Contrast this current performance optimisation-driven approach with some classical models such as, for example, a model proposed by Riesenhuber and Poggio (2000). The model expanded on HMAX (Riesenhuber & Poggio, 1999) which accomplished size and translation invariance by positing cells tuned to specific views of specific objects with an addition in the form of a hypothesis about object-tuned cells ensuing after view-tuned cells, where the former accomplish invariance to rotation in depth and illumination by pooling over the latter. In the case of this model, there is an explicit hypothesis about how representations differ across stages of processing, and how they accomplish invariance necessary for object recognition. Comparing such a model using RSA with the brain is much less underdetermining than in the case of DCNNs.
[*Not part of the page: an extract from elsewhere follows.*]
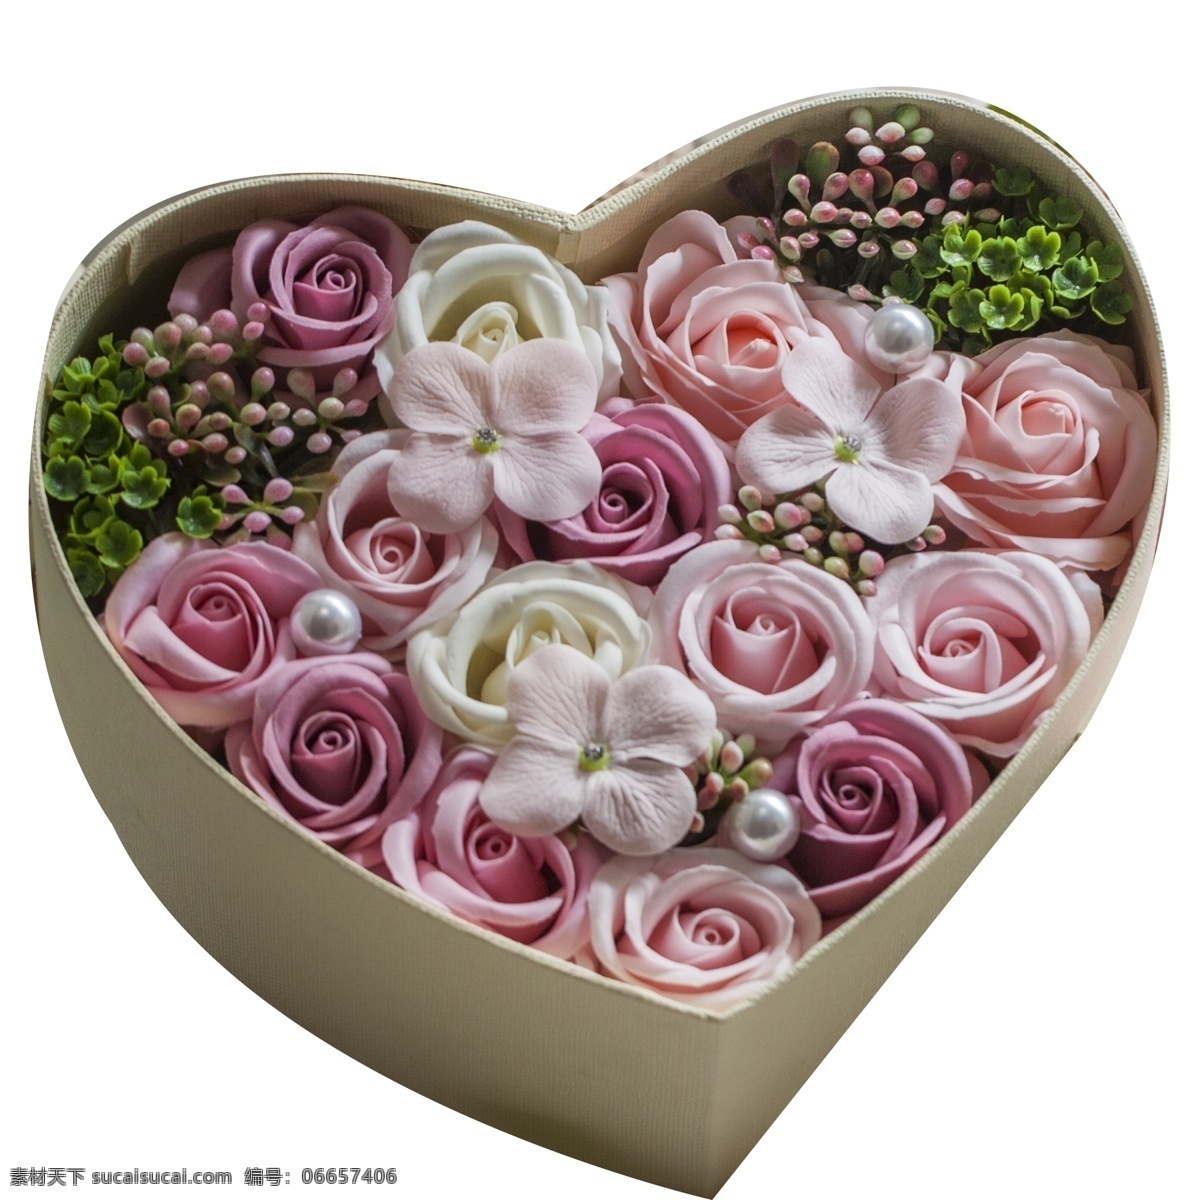 爱心 桃 心 花朵 免 抠 图 爱心桃 漂亮的礼盒 礼物包装盒 粉红色花朵 新鲜花朵 叶子 新鲜 礼盒 免抠图

The architectural constraints of current DCNNs do not reflect similar theoretical considerations about the biological structure and representational strategies across stages of processing. DCNNs are then compared with the brain using a variety of similarity measures that are not arbitrated between on the grounds of relevance. Hence, this whole practice of DCNN model building and RSA-based comparisons proceeds entirely in a theory-free way about population coding. Consequently, object recognition is not mechanistically explained either in a how-possibly or how-actually way.

9 Conclusion

It has been claimed both across neuroscience and philosophy that DCNNs can be or that they already are mechanistic explanations of object recognition, while RSA has been taken to be able to corroborate DCNNs as mechanistic explanations. The arguments presented suggest that there are aspects of the current scientific practice of using DCNNs with RSA that are not conducive to the goal of mechanistically explaining object recognition and learning about the representations in the ventral stream. There are readily available constraints the scientific practice could use that would be beneficial towards this goal. The first suggestion is to architecturally constrain DCNNs more carefully, by invoking biological constraints known to exist in the ventral stream. More theoretically informed architectural constraints would help models converge to solutions that would not be under-constraining for the purposes of learning about representational vehicles in the target system and would be able to reduce the underdetermination arising from multiple similarity measures used in this context. The second suggestion is that the relevance of similarity measures should also be tested rigorously. Given that current scientific practice does not reflect these concerns, DCNNs are neither how-actually nor how-possibly mechanistic explanations of object recognition.